(Exercise data Opens)
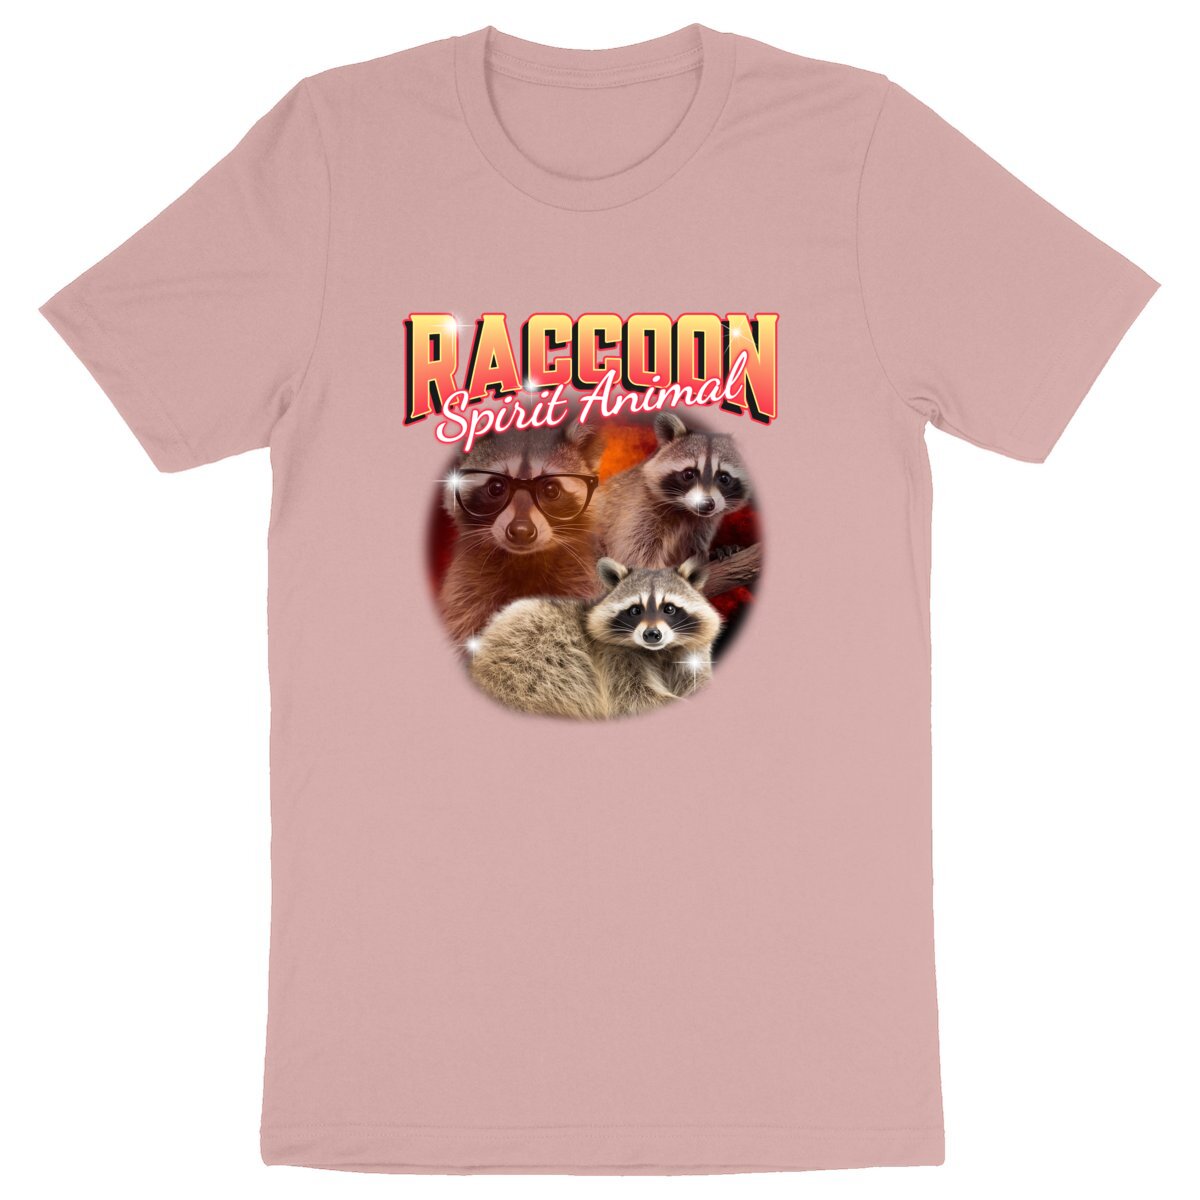 Raccoon Spirit Animal - Organic T-shirt
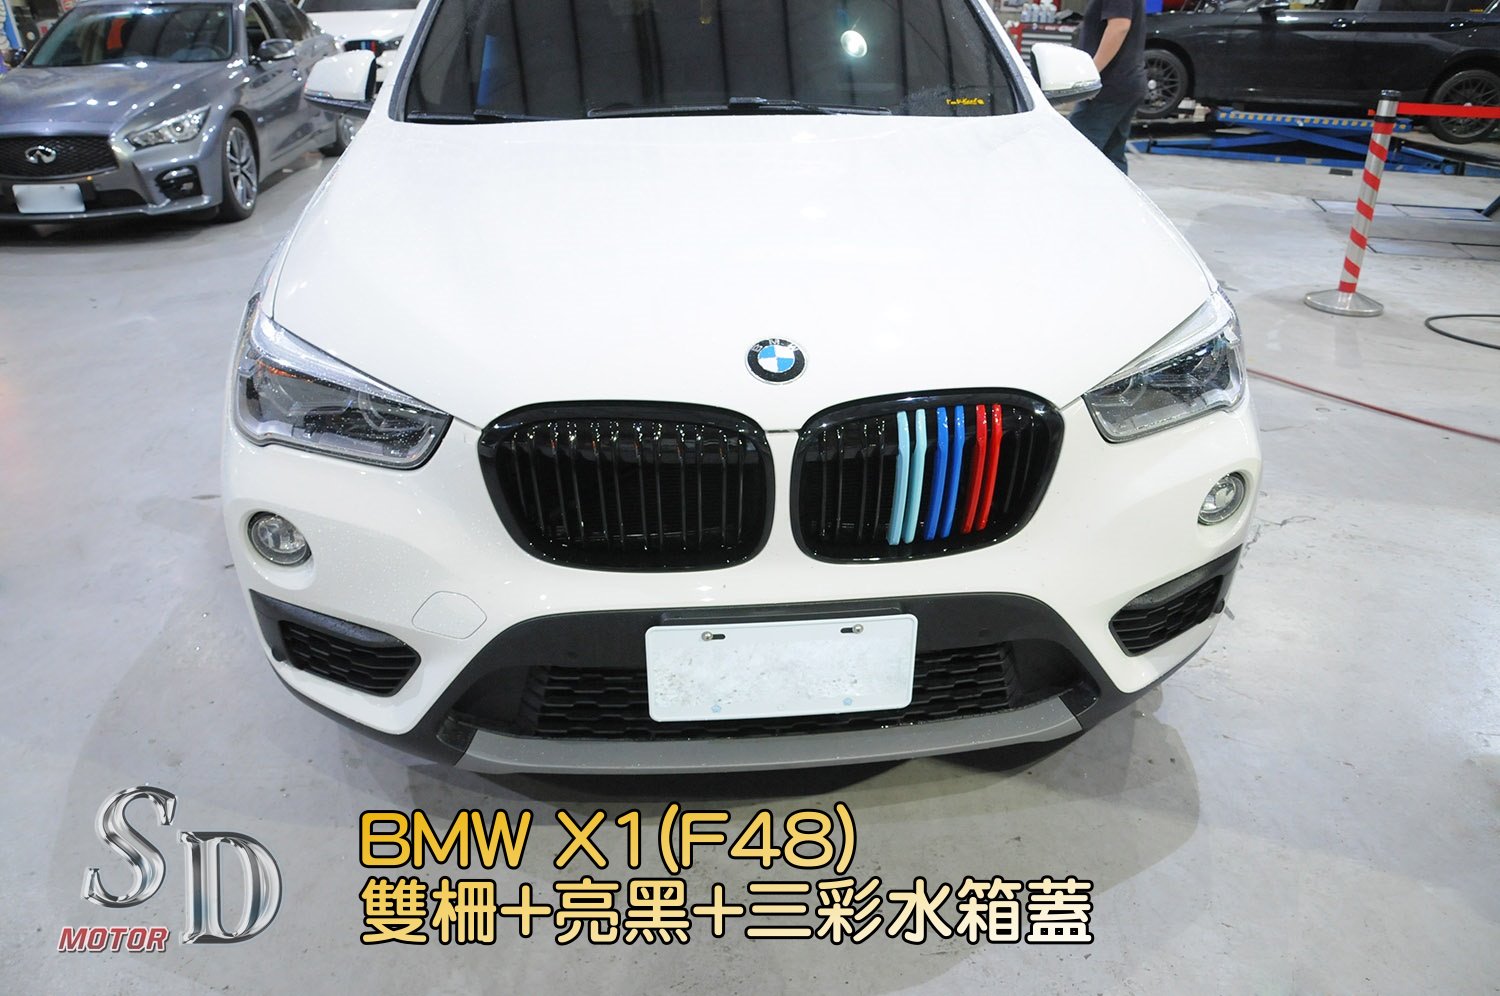 For BMW X1 F48 M款 雙柵+亮黑+三彩 水箱罩 鼻頭
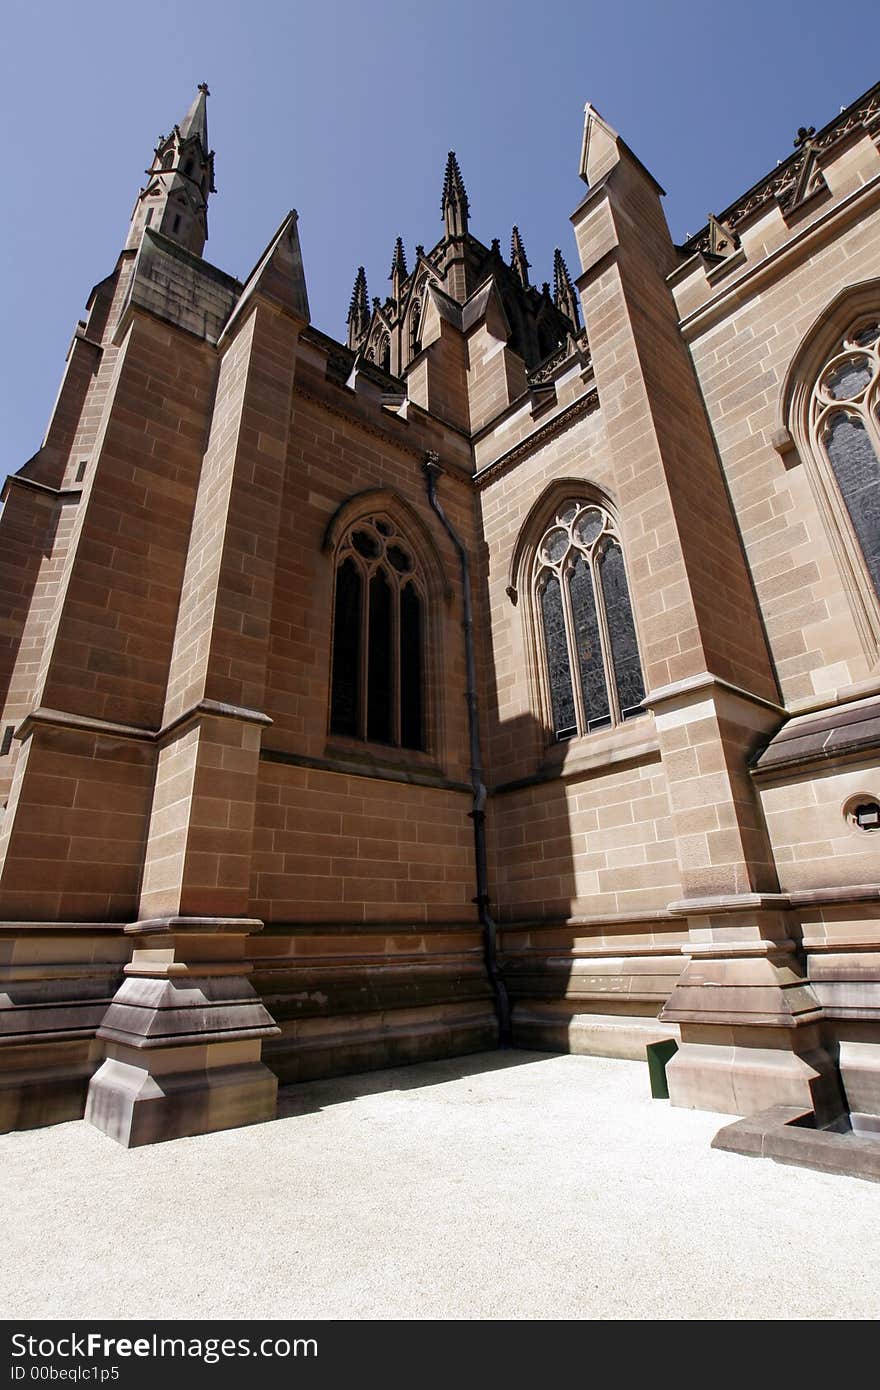 St Mary's Cathedral, Sydney, Australia - Seat of the Roman Catholic Archbishop of Sydney
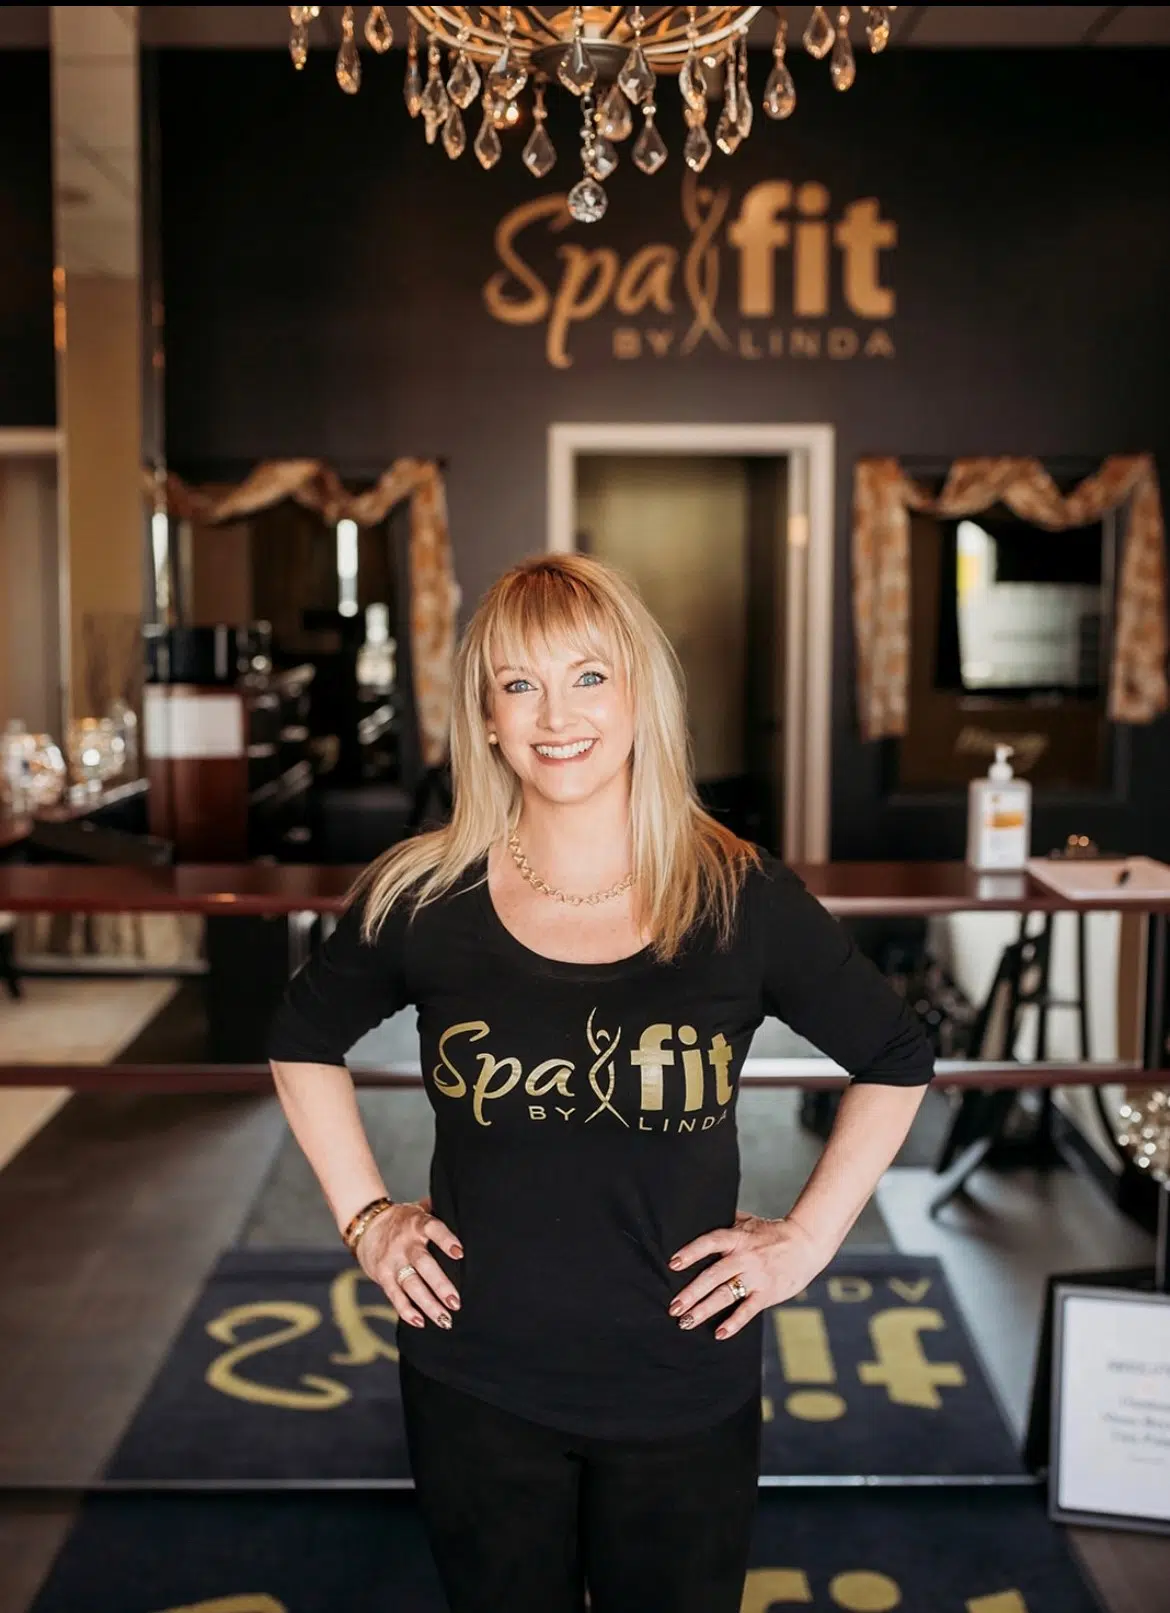 Best Spa: SpaFit by Linda
(Exercise data Closes)
» **Exercise requirements**
What's needed is a word-for-word retyping of the listing, minus its pictures.

» **Written solution**
 Raccoon Spirit Animal - Organic T-shirt
 For BMW X1 F48 M款 雙柵+亮黑+三彩 水箱罩 鼻頭
 St Mary's Cathedral, Sydney, Australia - Seat of the Roman Catholic Archbishop of Sydney
 Best Spa: SpaFit by Linda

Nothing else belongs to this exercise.